The villagers’ warnings about Danae aren’t enough to keep Panos away from her. The suspicion they have toward Danae probably makes him more curious. And so, he goes back to Danae’s house (always unannounced, because it’s not as if Danae has a phone so he can call ahead), and this time he sees something even more disturbing: The old man is having sex with Danae.

Panos confronts the old man, who lunges at him, they get into a physical fight, which ends when Panos pushes the old man, who hits his head on concrete. Panos rushes the old man to his doctor’s office and treats his head wound. When the old man reaches a stable condition, a very distressed Panos goes back to Danae’s house to once again plead with her to get help and report the abuse. He also asks Danae to corroborate that Panos acted in self-defense in the fight.
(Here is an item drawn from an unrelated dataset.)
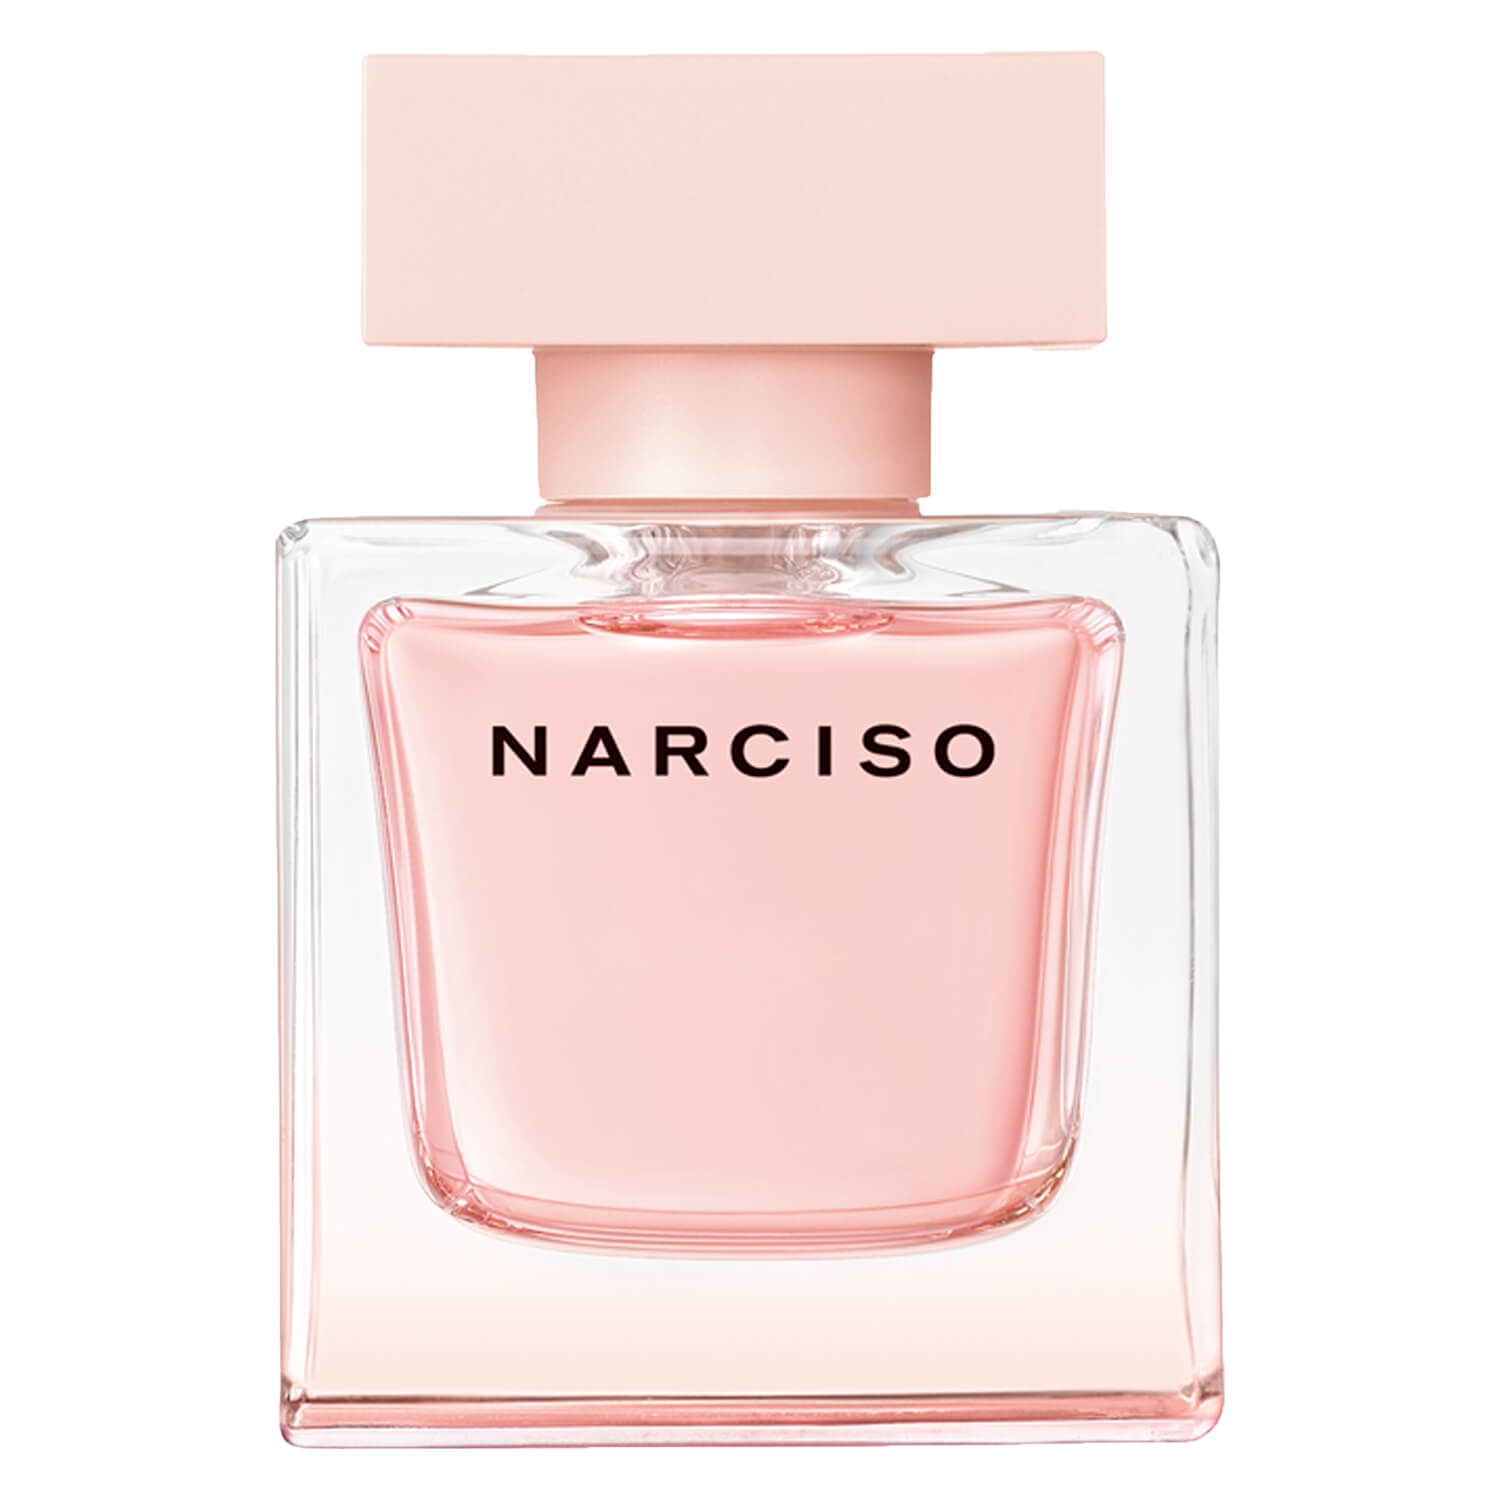 Produktbild von Narciso – Eau de Parfum Cristal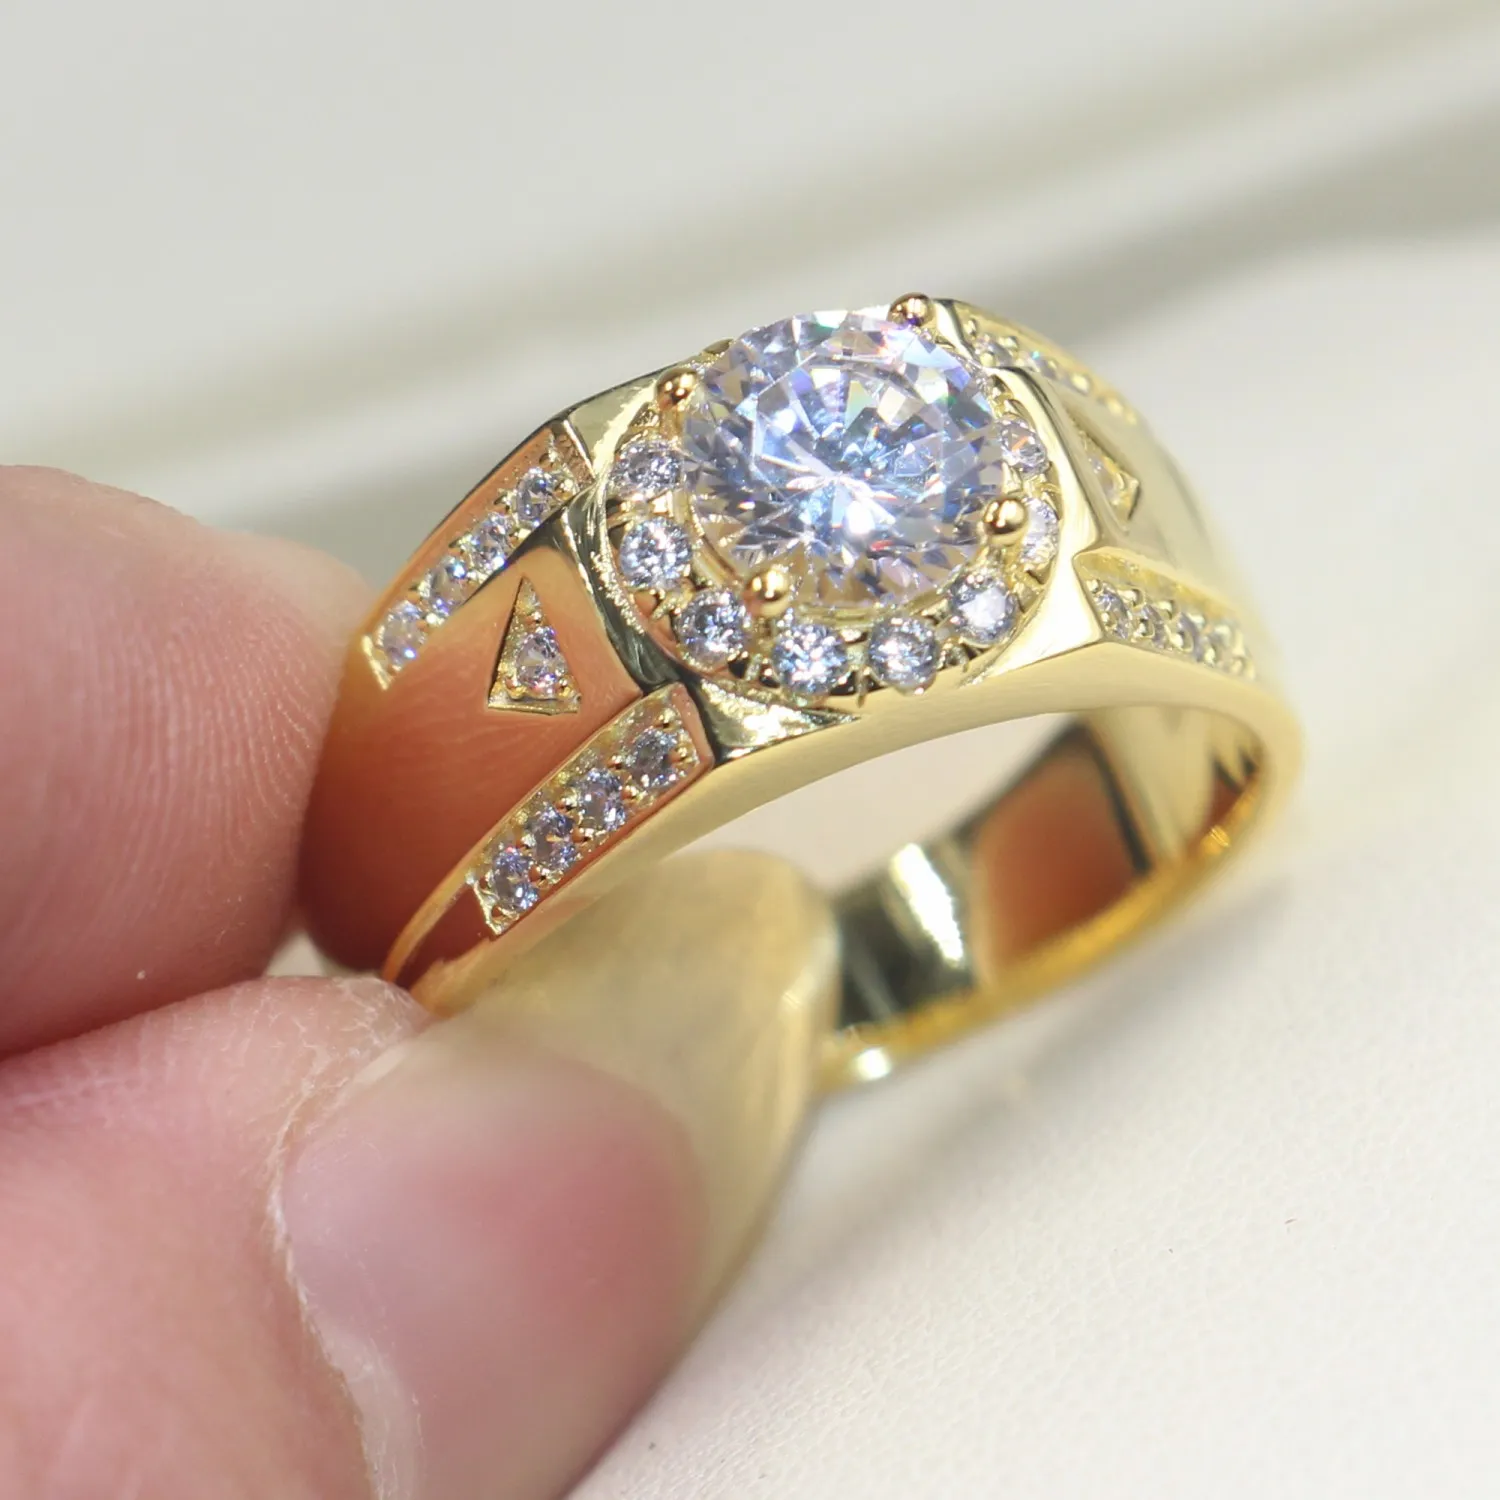 Vecalon hommes bijoux bague de mariage 1 5ct diamant Cz or jaune rempli 925 argent Sterling bague de fiançailles 281H

The rest of the story is about Panos being increasingly drawn into Danae’s world. She has an enchanting effect on him. And she also has some strange quirks, such as insisting that the house’s fireplace remain lit. Panos gets so wrapped up and obsessed with Danae that he cuts himself off from the outside world, much to the dismay of older brother George, who finds it increasingly difficult to get in touch with Panos. George frets to his wife Athena (played by Maria Eglezaki) about this decrease in communication from Panos.

Is Danae some kind of witch? And what about the mysterious disappearance of Mrs. Savasti’s son? Those questions are answered in the movie, which takes a chilling turn in the last third of the film.

Most of “Entwined” consists of scenes of only Panos and Danae together. In these roles, Aelifer and Konidi play well off of each other, as their characters go through various personality arcs and power struggles in their relationship. “Entwined” cinematographer Thodoros Mihopoulos infuses a sense of menace amid the beauty of the forest, since the movie has more than a few hints that the forest might have a life of its own. 

“Entwined” is an impressive feature-film debut from director Nikolakakis and a screenwriter/actor De Holland, because the movie takes a concept that has been done before in many movies (a mysterious young woman seduces an older man) and puts a unique spin on it, by setting it a remote, enigmatic forest in Greece and making the forest almost like another character in the film. The dialogue of “Entwined” isn’t as compelling as what happens in the movie. Rather than cramming the movie with predictable killings from beginning to end, “Entwined” is an alluring story about the type of horror that sneaks up on people who make the mistake of being fooled by outward appearances. 

Dark Star Pictures released “Entwined” in select U.S. virtual cinemas on August 28, 2020, and on digital and VOD on September 8, 2020.